How do we define “Warwick research”? Many of our researchers have come from or go to other institutions. Their citations and profiles will be raised by work they may have done in the past, so should WRAP also host work written from earlier in their career? Future publications will no doubt include expertise developed whilst the authors were at Warwick.
A policy of including work written even whilst not employed at Warwick would enable us to add prestigious articles to WRAP that might add to the “Google juice” of the entire collection. It would also enable us to go further in meeting the wishes of authors to have all their work presented in one place.
Authors need to be clear about what they can deposit to WRAP. At present, we are accepting whatever they submit to us, and don’t check dates of employment against submitted items. We have checked such dates when writing to authors to invite submission, however, because such personal invitations have taken us time to write, especially in checking the copyright agreements of each of the authors’ articles, and we have needed to apply a limit to our checks before inviting deposits, because our invitations have not all led to deposits. Another limit we applied in our invitations was to only look at the five most recently published articles, for the same reasons.

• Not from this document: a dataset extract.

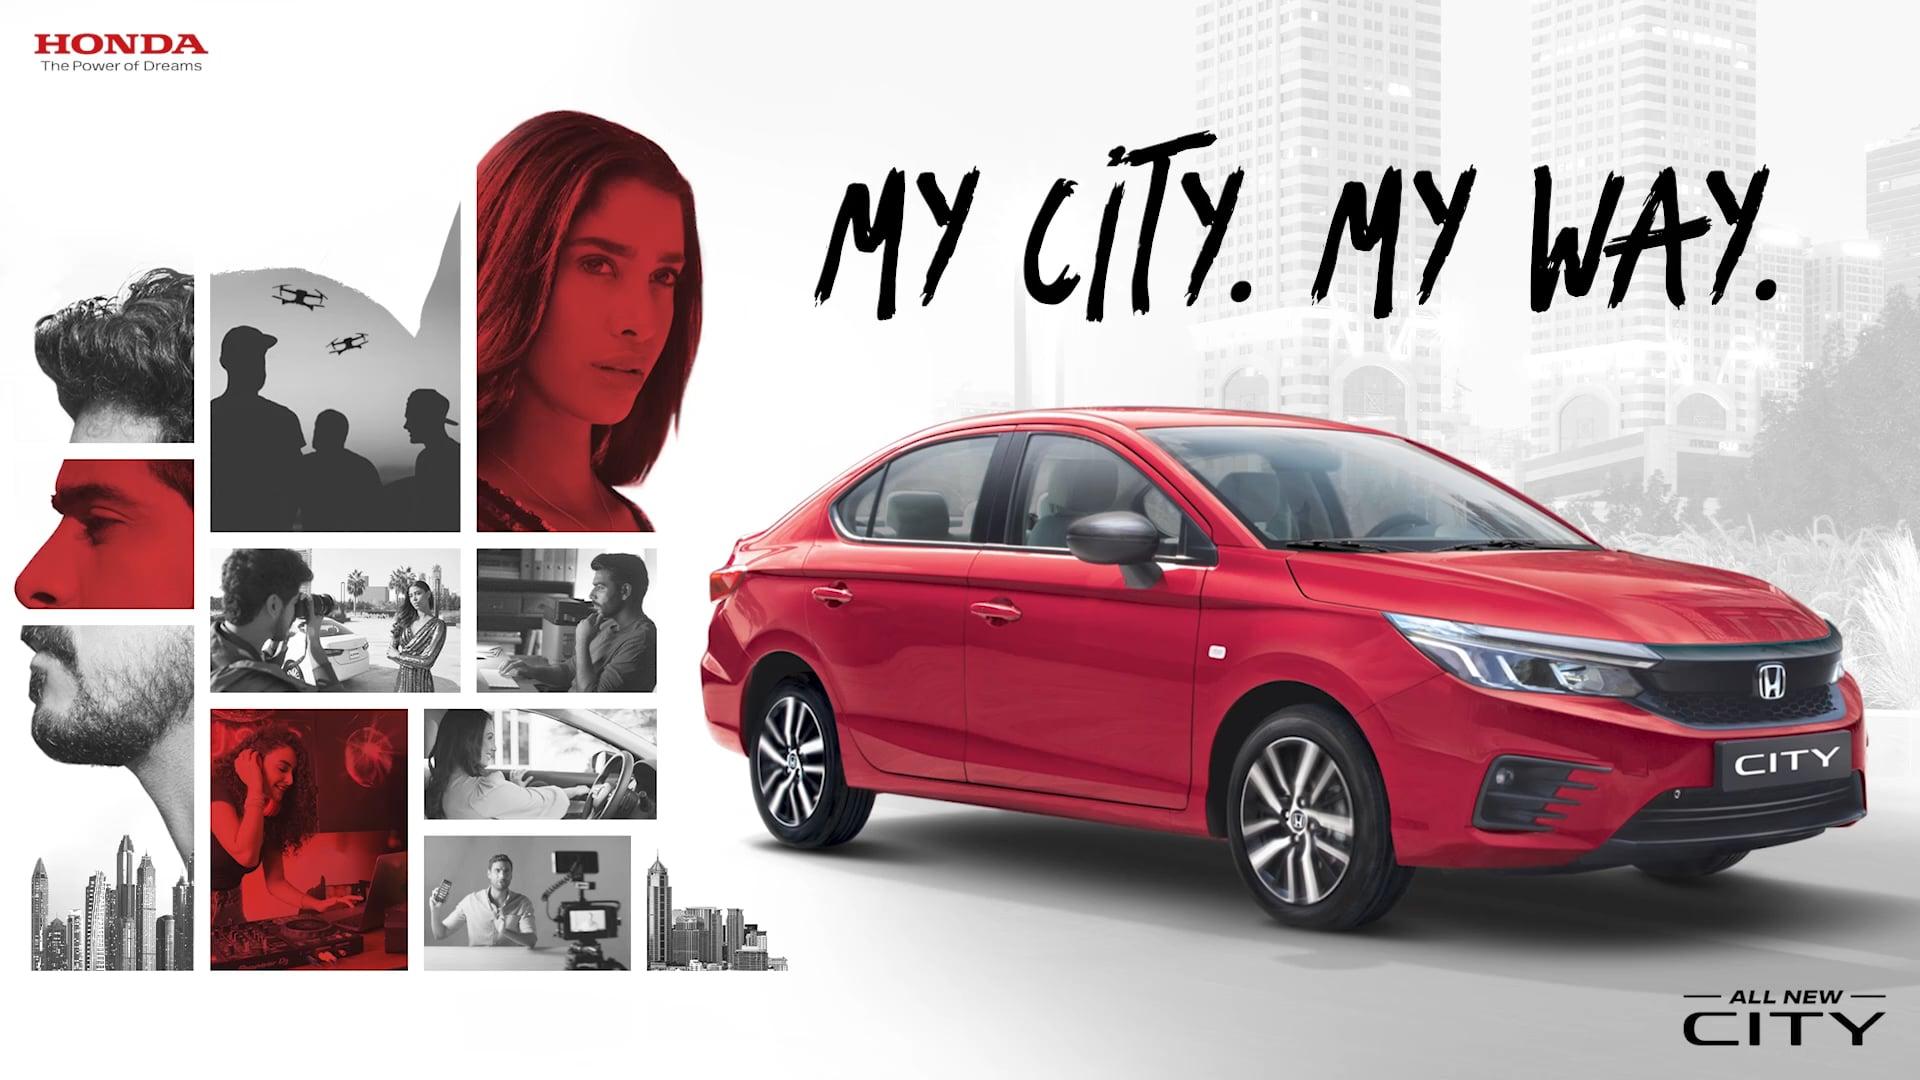 Honda - My City My Way
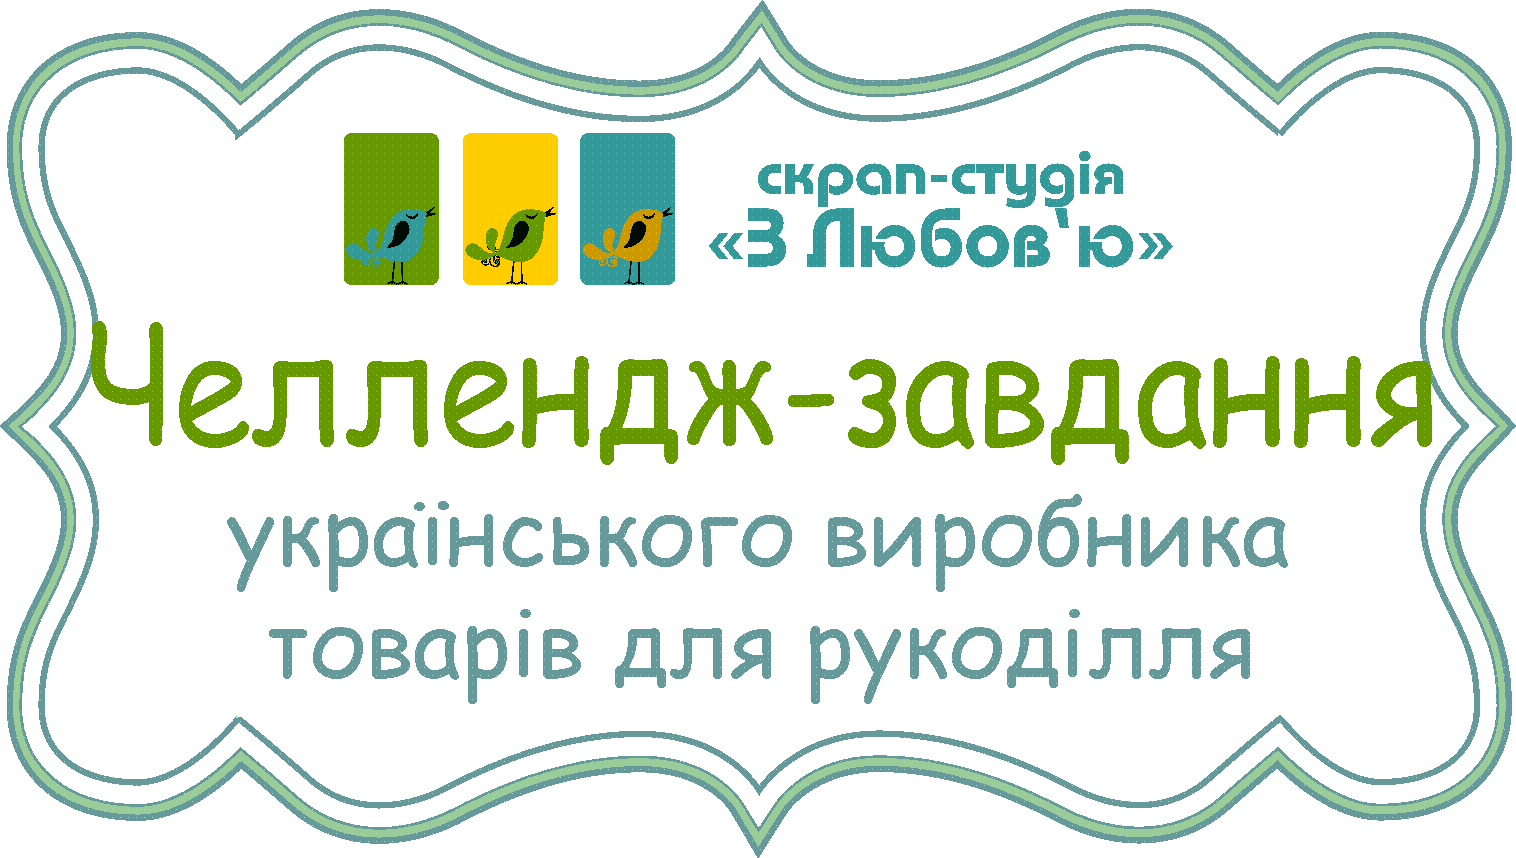 http://stampsforcrafts.blogspot.com/2014/08/15.html

If every author was to send us a version of everything they have ever published, we would be inundated with work, but that is pretty unlikely to happen! The value of making early published works available through WRAP is not so easy for WRAP staff to ascertain: some early articles will valuable to the academic community and therefore to WRAP, others less so. There will be institutional repositories at those other institutions who might already make the work available on open access, so a WRAP deposit would be of limited value to the academic community. We can therefore only rely on academics’ own decisions about what to deposit to us, and hope to keep up with the total level of deposit.
What I need to know, in essence, is: Is it important for Warwick to be able to identify the outputs of research it has hosted? Should we limit WRAP’s collection according to employment dates?
It may be possible to add a metadata field “Written whilst the author was employed at Warwick? – Yes/No”. (NB The question asked is about the writing rather than the publication - is that the right criterion?) However, adding metadata fields to WRAP’s schema is not easy, and the checks would take extra processing time, so it is crucial to know the importance of such information. If it is not important to separate Warwick research from research by Warwick people, then we might also ask for articles written by high profile authors who have recently arrived at Warwick.
Policy thus far: For the time being, we ask all authors to send us everything they can, dating back as far as they like. It may become necessary to prioritise processing of more recently published articles if we become inundated with deposits.
We ought not to go on building the collection much further without a clear policy about what we intend the collection to represent. It feels to me like it is evolving away from an original intention to present Warwick research, and I wonder whether I should attempt to reign it in, or go with the flow and make the most of the advantages of a wider collection policy. Something for our steering group, I feel...